The College Voice also needs to do better. This year, we have tried to improve our News coverage of the College. But we haven’t covered SGA as much as we should have. Going forward, here’s what we plan to do and here’s what we need from SGA:

The College Voice will cover SGA elections before, during, and after they happen. In the past, The College Voice has struggled to regularly cover elections and has failed to report basic election results. For some unknown reason, SGA itself has rarely reported complete election results, instead only announcing who won an election. The College Voice will be publishing election results, including vote tallies for every candidate. For this, we will need the assistance of SGA to accurately report election results. Twice this year, the SGA Chief of Communications has sent The College Voice blurry screenshots of election results. It is unclear how it is technologically possible to take a blurry screenshot.

The College Voice will cover systemic trends of SGA elections. We hope to find out why executive board positions are often uncontested. We also hope to find out why voter turnout is almost always so incredibly low that SGA extends voting periods to meet a 20% turnout threshold. Recently, the winner of school-wide election for Chair of Equity and Inclusion received only 125 votes.

The Assembly must maintain an easily-accessible record of anything that happens during SGA meetings. Formal agendas, minutes, resolutions, and more should be accessible to anyone at the College. SGA should also consider recording meetings to eliminate the week-long waiting period before SGA minutes become official record.

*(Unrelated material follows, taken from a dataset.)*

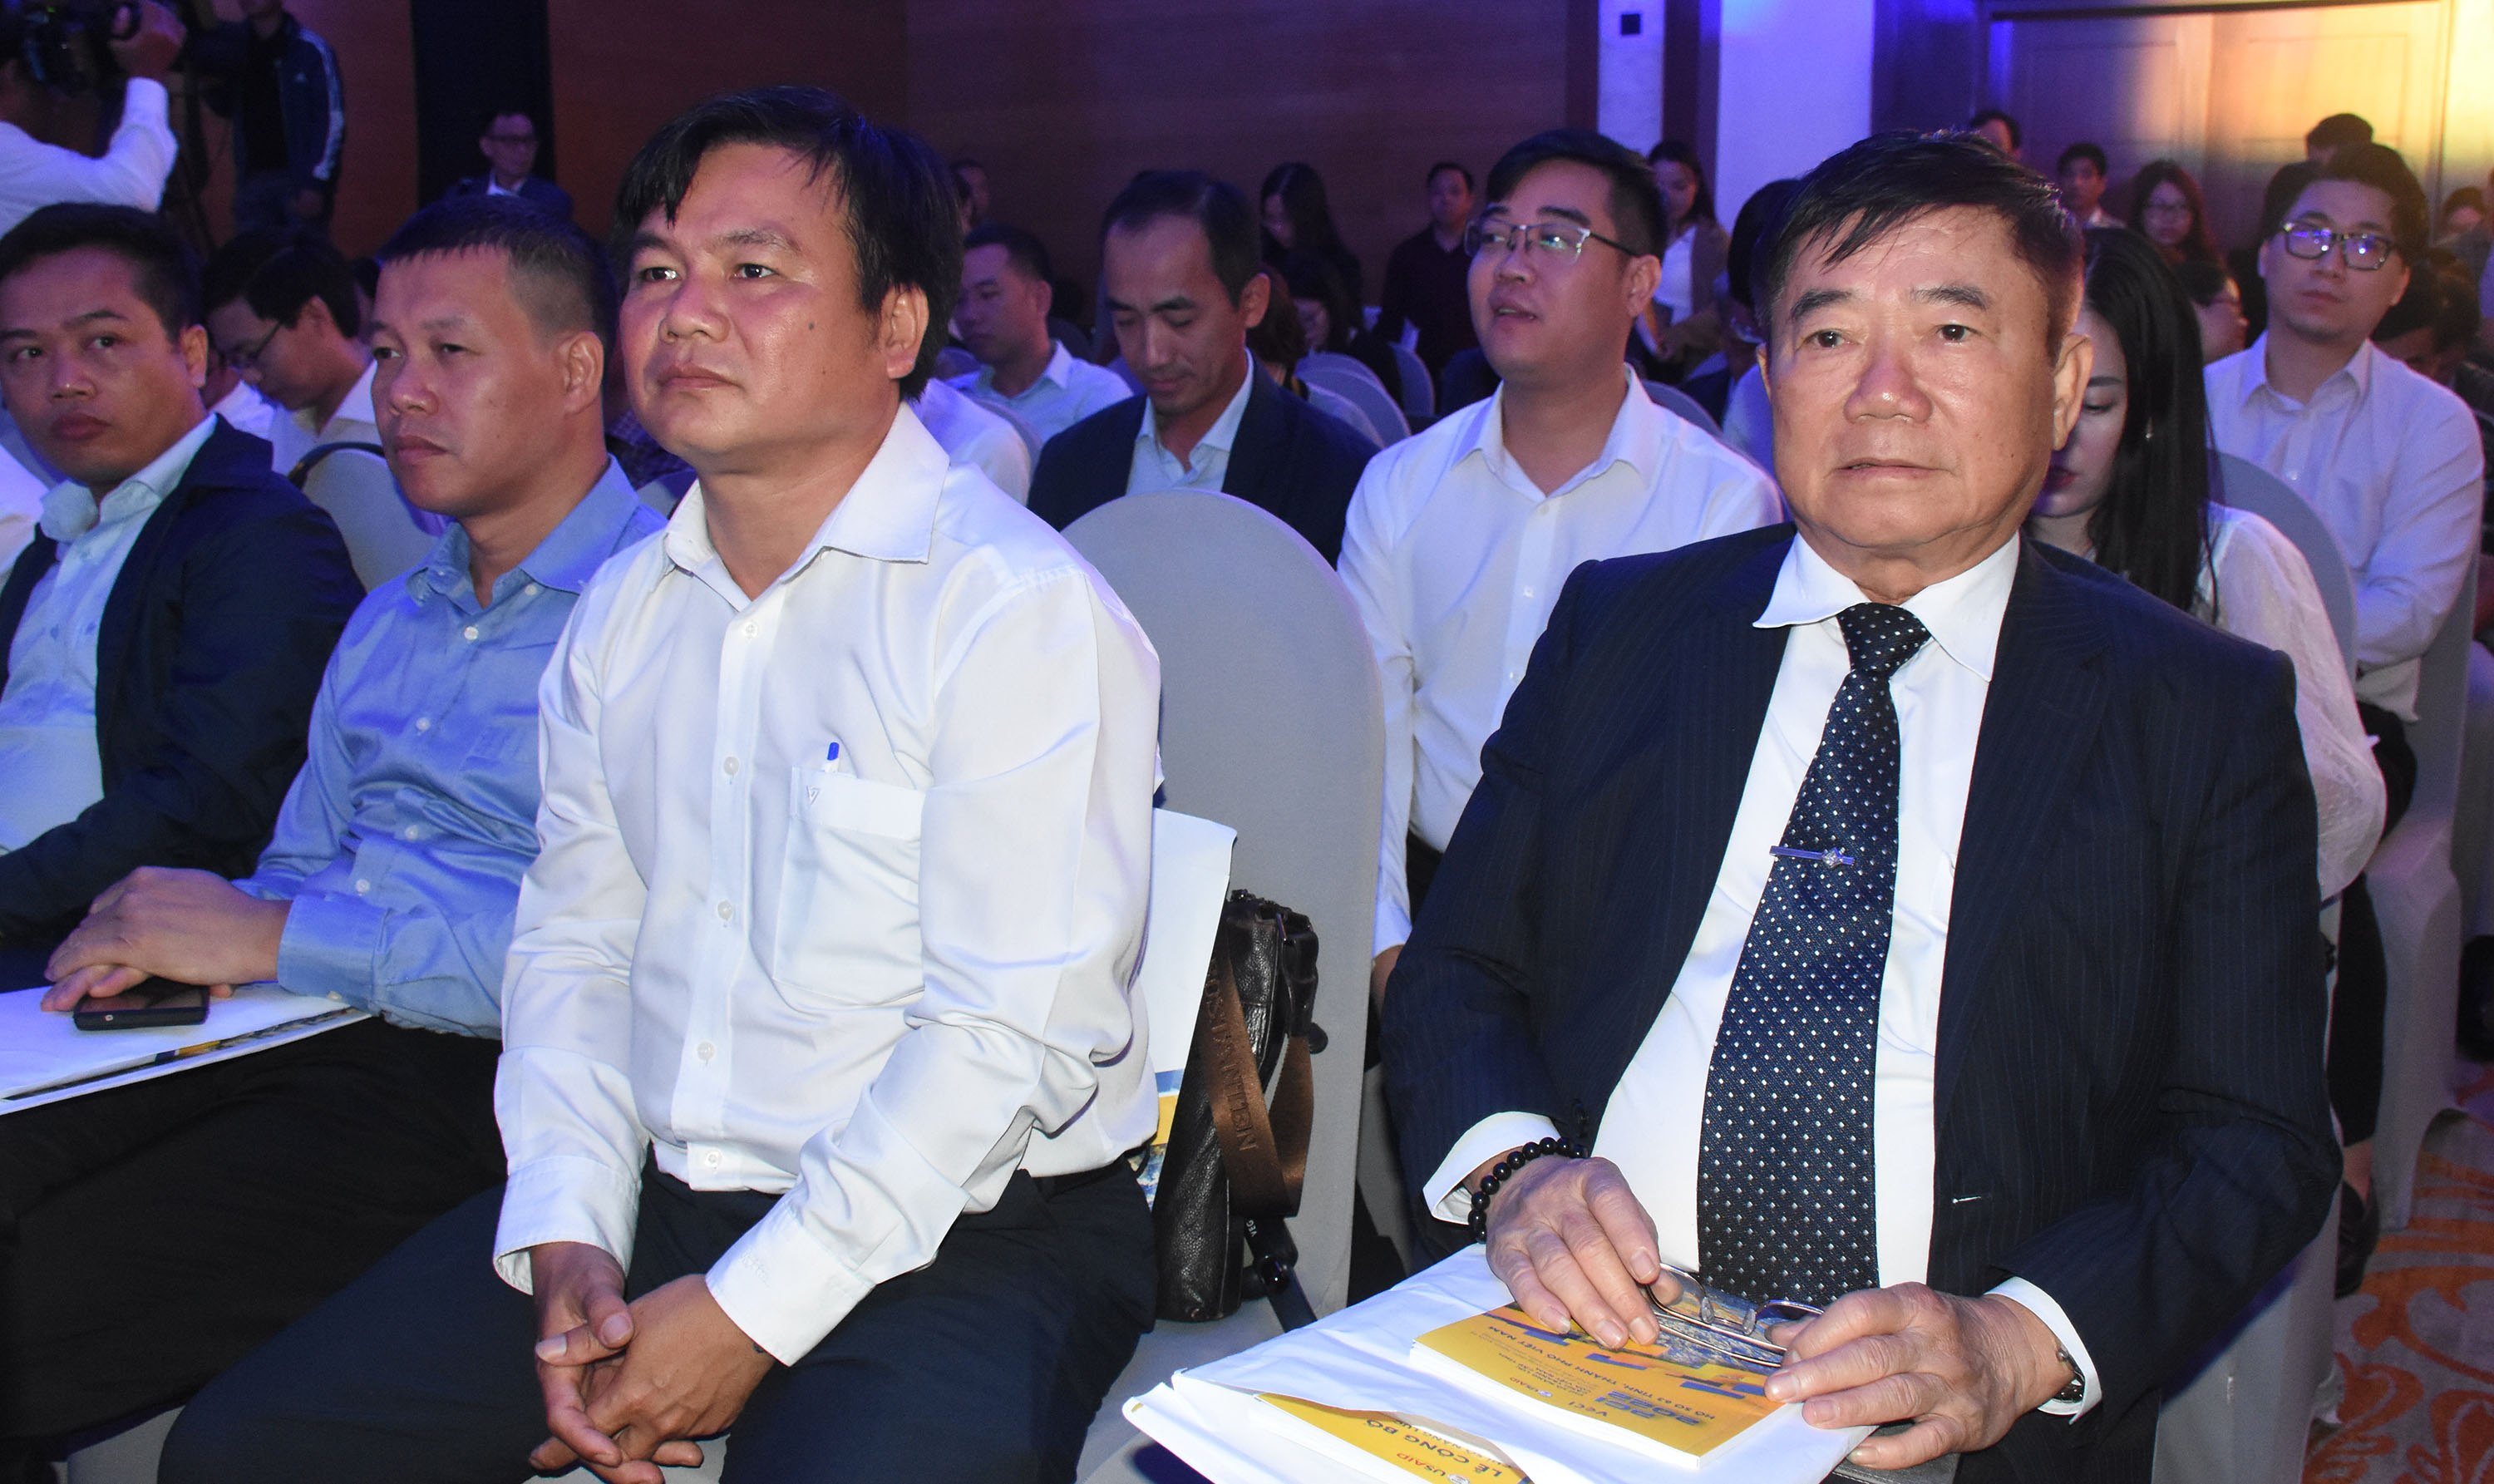 Ông Đoàn Hữu Thuận, Chủ tịch Hội Xây dựng tỉnh, Chủ tịch HĐQT Công ty CP Phát triển nhà tỉnh Bà Rịa - Vũng Tàu cũng tham dự lễ công bố

SGA must also reform the Chief of Communications position to ensure professionalism and create a more formal line of communication between SGA and The College Voice. This year, The College Voice has struggled to communicate with the Chief of Communications. Between blurry screen shots of election results and multiple instances of questions going unanswered, SGA’s communications officer has not been formally open with us. Many members of the assembly have been incredibly open at times, including the vast majority of the executive board. However, this happens informally, from peer to peer, not from newspaper to student government.

The student body’s lack of interest in SGA must be frustrating to SGA representatives, particularly for those student government leaders who have put in hard and honest work over their many years on the Assembly. Students do care what happens at this school, either at the level of policy or at the level of what impacts students’ everyday lives. But SGA needs to go beyond water fountains, communicate better, and expand the definition of student government at Conn.

There are some on campus whose lack of engagement with SGA derives from a belief that SGA can’t do anything, that “shared governance” is an illusion, not a reality. Those people might say that if SGA tried to pass legislation that altered Student Code of Conduct and Honor Code policies, administrators simply wouldn’t listen. This concern is completely valid. It is certainly possible Dean Cardwell would enter into a despotic rage if SGA were to pass a resolution that tried to change any features of the Student Handbook or disciplinary policies.

The College will eventually have to give respect to a Student Government that demands it. If the College abides, it will make shared governance for the student body legitimate. If it doesn’t, it will be explicitly defining “shared governance” and “honor code” to be marketing bullet-points that help convince Boston-area high schoolers that if they come to Conn, they can leave their laptop charger on a library table and they can advocate for their very own water fountain.

Whatever the result, expect The College Voice to cover all of this. If we don’t meet those expectations, hold us accountable. Better yet, come report for us.